Over the past decade, apps have gradually become a part of our everyday life. However, not many of us tend to consider the security risks associated with software that records our private data. Mobile healthcare apps are a good example of this dilemma. While such apps can improve healthcare services, they can also make patients’ data vulnerable to hackers. Promoted by many healthcare providers, such apps can be easily downloaded from the Apple App Store or Google Play.
“More health data is going through mobile applications today than it ever has, and it’s continuing to increase,” Rusty Carter, vice president of product management at Arxan Technologies, told The Daily Swig. “The ability to access that information is also very easy.”
According to Adam Piper, a UK-based software developer, healthcare apps have been borne out of necessity to treat more patients in shorter amounts of time. “If I want to get a doctor’s appointment, it has to be today, and by 8.01am all the appointments are gone,” he told The Daily Swig. “A mobile app is the non-insane version of booking an appointment.”
Just last year, a research study of 36 healthcare apps found that over 80 percent were sharing information with Facebook and Google, with only around half of them disclosing this practice to consumers.
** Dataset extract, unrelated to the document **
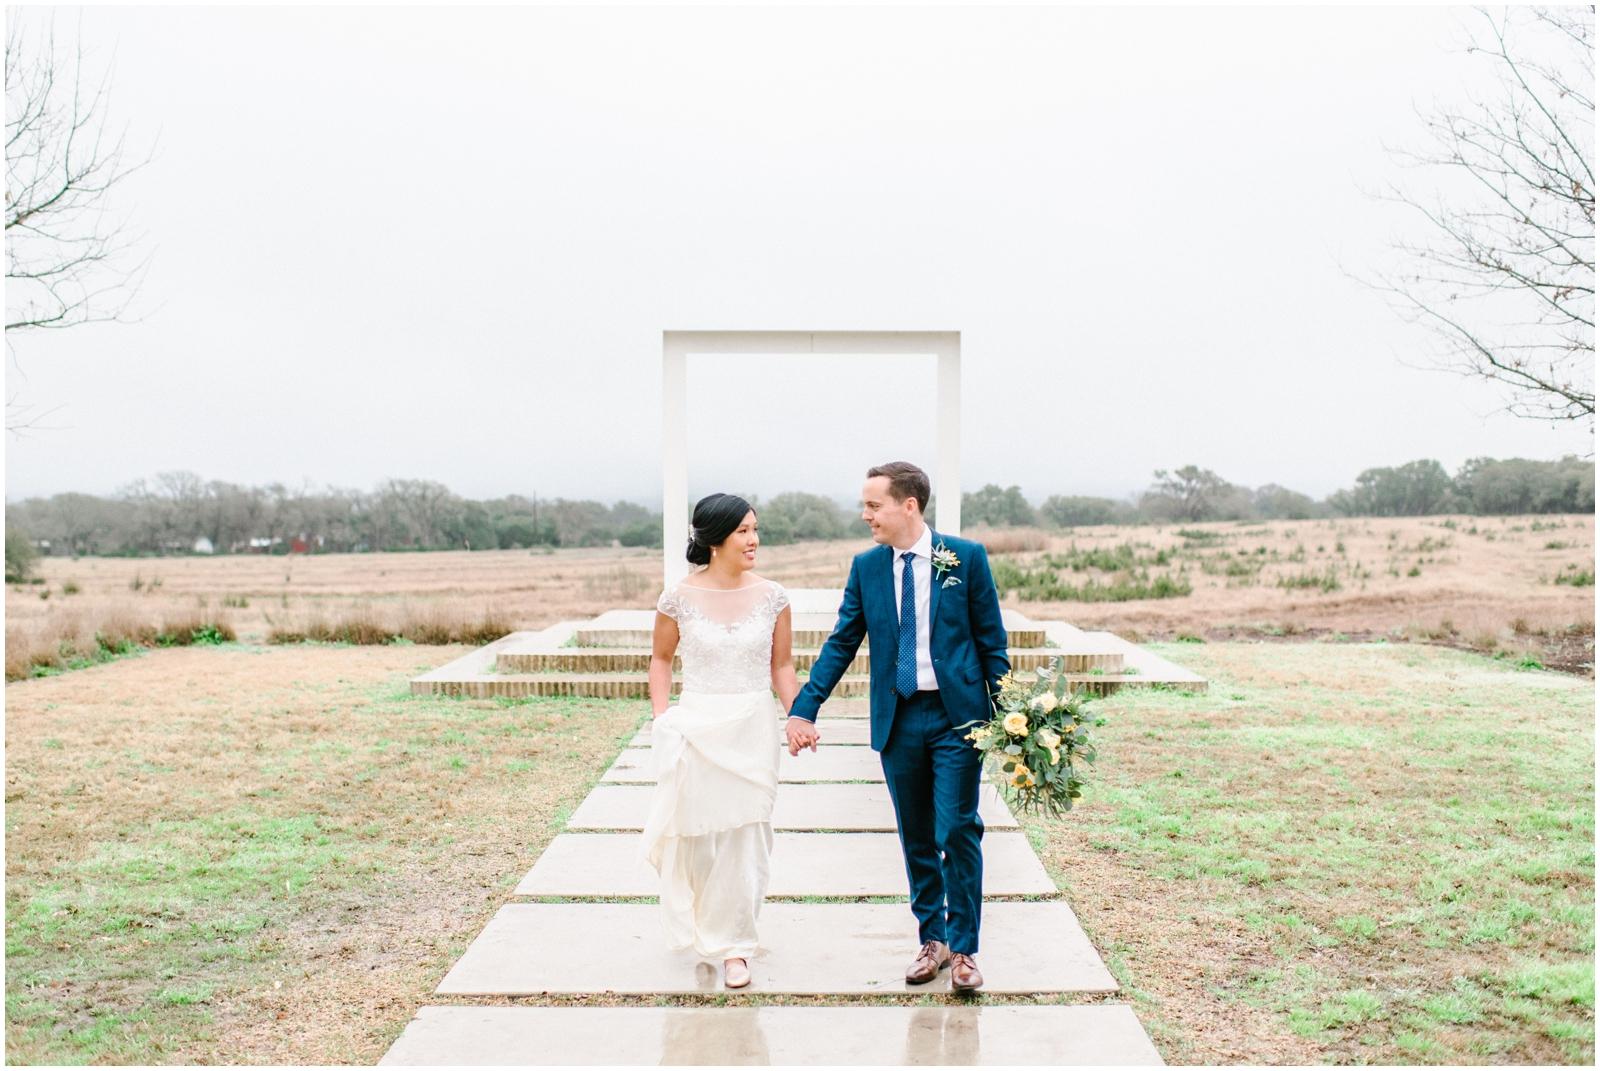 Minimalistic TX Venue Prosper House -Austin Wedding Planner_0347.jpg
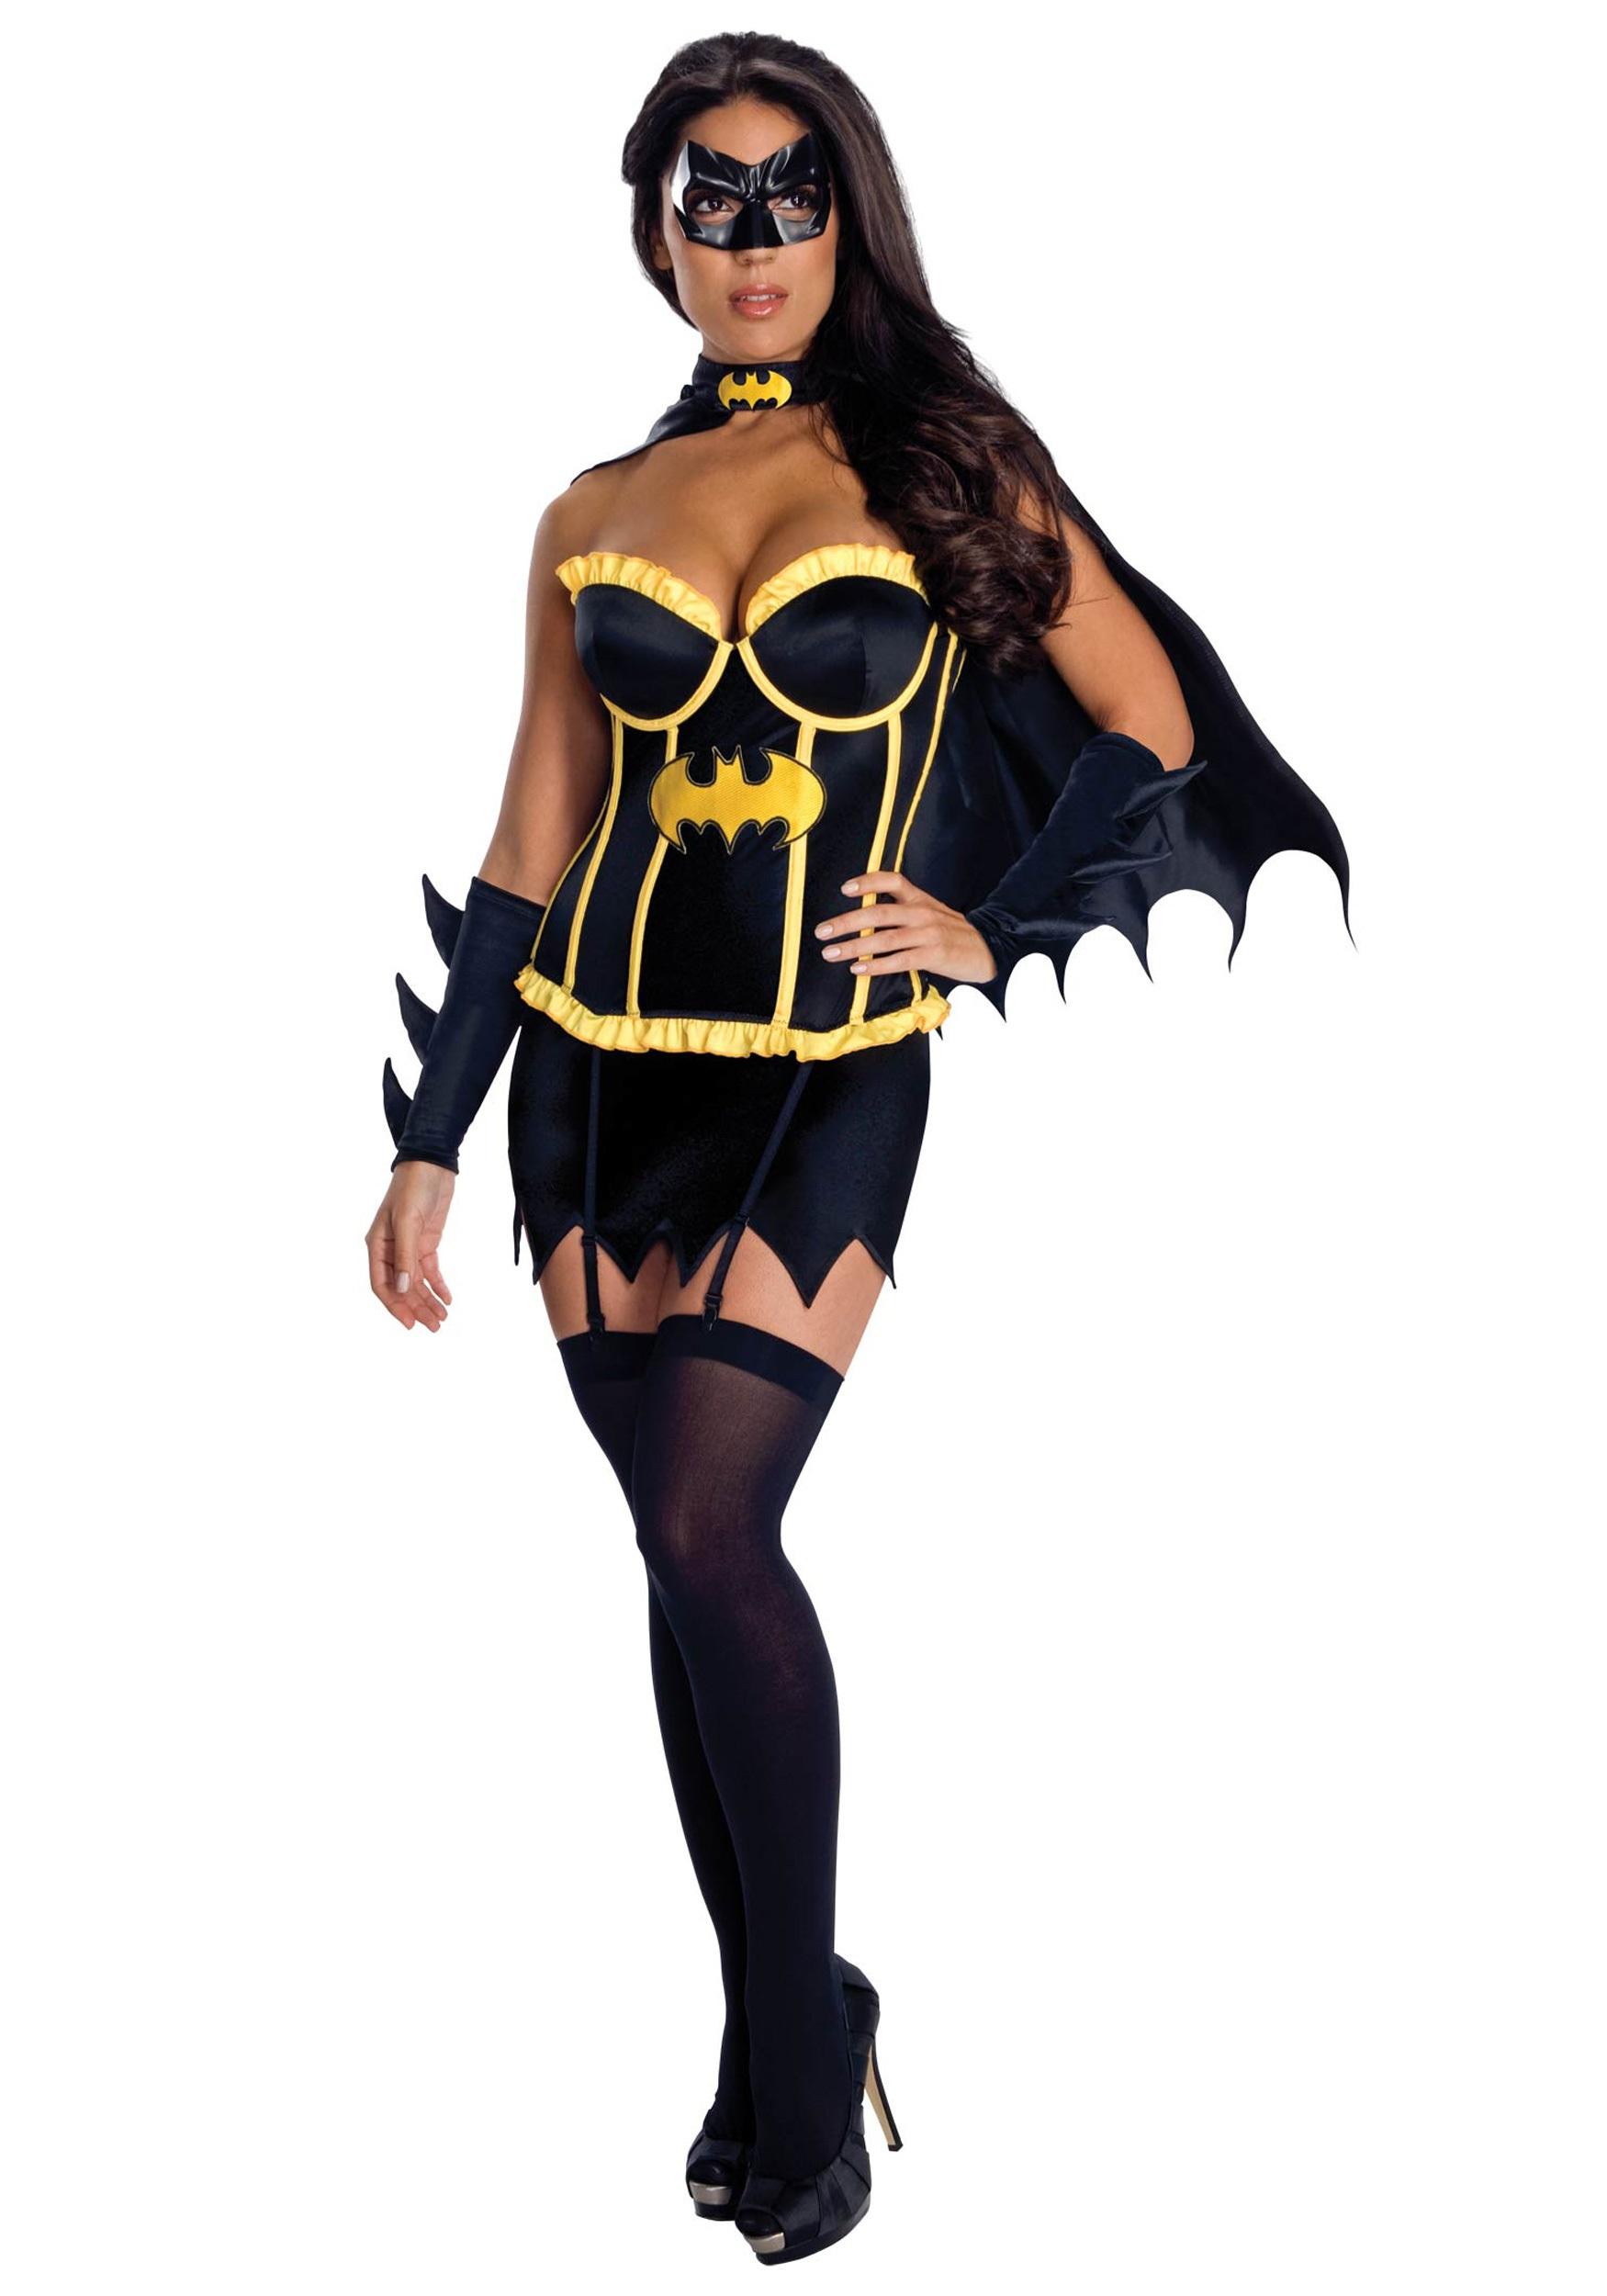 Batgirl Corset CostumeBatgirl Costumes

In addition, the latest report by Verizon Mobile Security stated that 25 percent of healthcare institutions said that in 2018 they experienced a data breach associated with a mobile device.
While data protection is not something app-users usually think about, Carter said that hacking into healthcare apps is relatively easy. “[If the data] was a Unix terminal in a clinical study, it’s much harder [for an attacker] to gain access to,” he said. “Whereas I can download a mobile application and get to work [as an attacker] in figuring out the APIs, figuring out how the application works, and figuring out which vulnerabilities I can capitalize on.”
Carter said that while healthcare app developers sometimes don’t pay enough attention to data security, the data on such apps also needs to be continuously protected. “Protecting mobile apps is far less costly than alternatives such as specialized hardware, and definitely less expensive than the cost of a data breach or hack,” he said. “The cost of protecting mobile apps in human effort is typically one person a day, or two per platform, of total effort depending on the number of pen tests and iterative updates and the complexity of the application.”
According to the website Sundt.UK, consumers of fitness apps should exercise caution when downloading software. The Sundt representative said: “People who are after apps that help them control their health through developing better fitness and nutritional habits need to look only for official apps that give them the greatest likelihood of data security. If the app is recommended to you by your healthcare provider, always ask about its data protection features.”